The 2024 Open SIFA Nouvelle-Calédonie was a professional tennis tournament played on hard courts. It was the 19th edition of the tournament which was part of the 2024 ATP Challenger Tour. It took place in Nouméa, New Caledonia between 1 and 6 January 2024.
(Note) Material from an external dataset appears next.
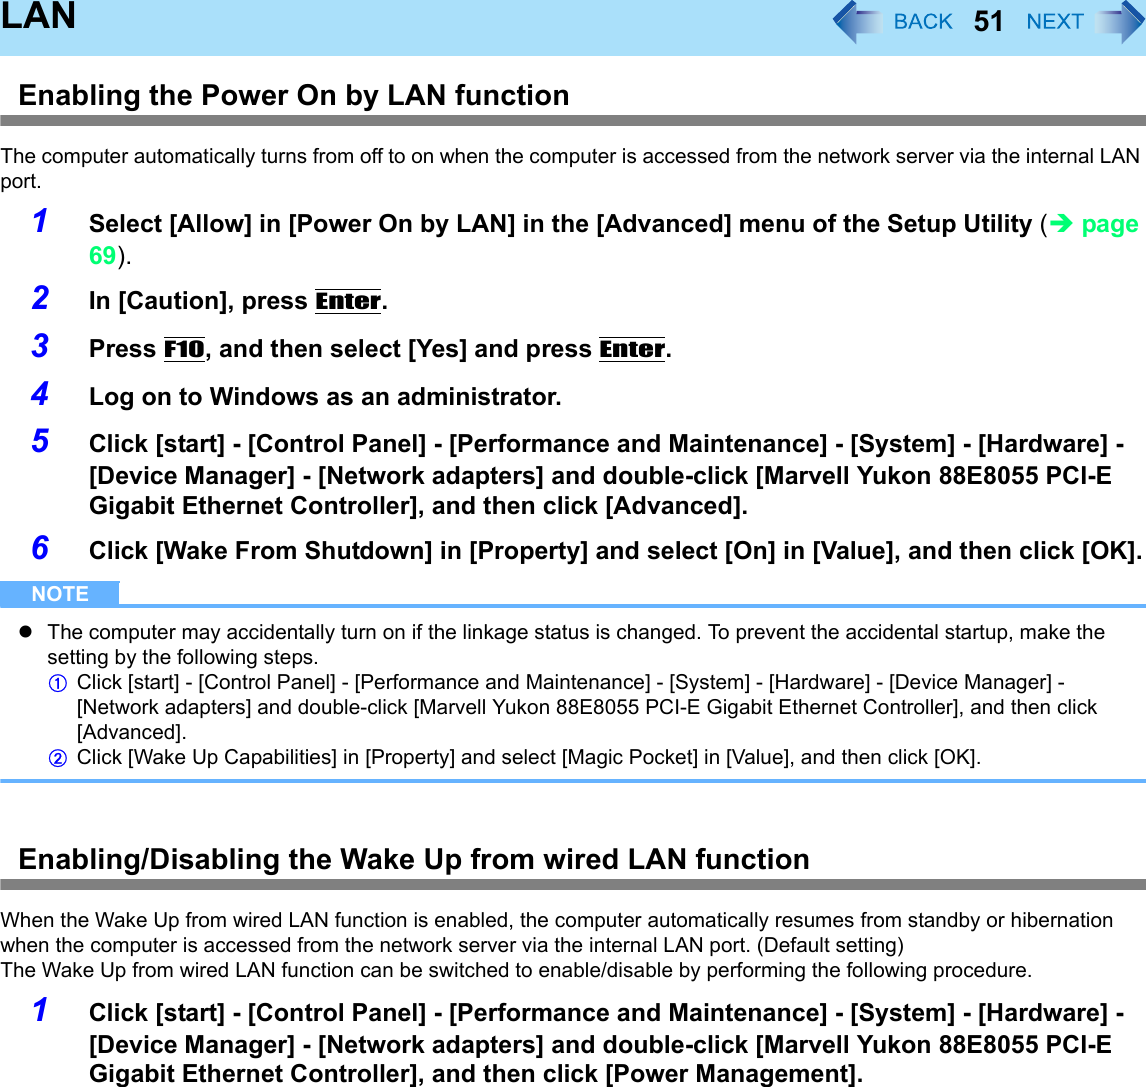 51LANEnabling the Power On by LAN functionThe computer automatically turns from off to on when the computer is accessed from the network server via the internal LAN port.1Select [Allow] in [Power On by LAN] in the [Advanced] menu of the Setup Utility (Îpage 69).2In [Caution], press Enter.3Press F10, and then select [Yes] and press Enter.4Log on to Windows as an administrator.5Click [start] - [Control Panel] - [Performance and Maintenance] - [System] - [Hardware] - [Device Manager] - [Network adapters] and double-click [Marvell Yukon 88E8055 PCI-E Gigabit Ethernet Controller], and then click [Advanced].6Click [Wake From Shutdown] in [Property] and select [On] in [Value], and then click [OK].NOTEzThe computer may accidentally turn on if the linkage status is changed. To prevent the accidental startup, make the setting by the following steps.AClick [start] - [Control Panel] - [Performance and Maintenance] - [System] - [Hardware] - [Device Manager] - [Network adapters] and double-click [Marvell Yukon 88E8055 PCI-E Gigabit Ethernet Controller], and then click [Advanced].BClick [Wake Up Capabilities] in [Property] and select [Magic Pocket] in [Value], and then click [OK].Enabling/Disabling the Wake Up from wired LAN functionWhen the Wake Up from wired LAN function is enabled, the computer automatically resumes from standby or hibernation when the computer is accessed from the network server via the internal LAN port. (Default setting)The Wake Up from wired LAN function can be switched to enable/disable by performing the following procedure.1Click [start] - [Control Panel] - [Performance and Maintenance] - [System] - [Hardware] - [Device Manager] - [Network adapters] and double-click [Marvell Yukon 88E8055 PCI-E Gigabit Ethernet Controller], and then click [Power Management].

==Singles main-draw entrants==
===Seeds===

| Country | Player | Rank^{1} | Seed |
|---|---|---|---|
| FRA | Richard Gasquet | 76 | 1 |
| FRA | Constant Lestienne | 87 | 2 |
| FRA | Hugo Gaston | 104 | 3 |
| FRA | Benoît Paire | 117 | 4 |
| FRA | Arthur Cazaux | 130 | 5 |
| AUS | Marc Polmans | 150 | 6 |
| USA | Nicolas Moreno de Alboran | 152 | 7 |
| NED | Jesper de Jong | 153 | 8 |

- ^{1} Rankings are as of 25 December 2023.

===Other entrants===
The following players received wildcards into the singles main draw:
- FRA Maxime Chazal
- FRA Jules Marie
- NMI Colin Sinclair

The following players received entry from the qualifying draw:
- AUS Moerani Bouzige
- AUS Jesse Delaney
- JPN Hiroki Moriya
- AUS Blake Mott
- JPN Makoto Ochi
- NZL Rubin Statham

The following player received entry as a lucky loser:
- AUS Thomas Fancutt

==Champions==
===Singles===

- FRA Arthur Cazaux def. FRA Enzo Couacaud 6–1, 6–1.

===Doubles===

- NMI Colin Sinclair / NZL Rubin Statham def. JPN Toshihide Matsui / AUS Calum Puttergill 7–5, 6–2.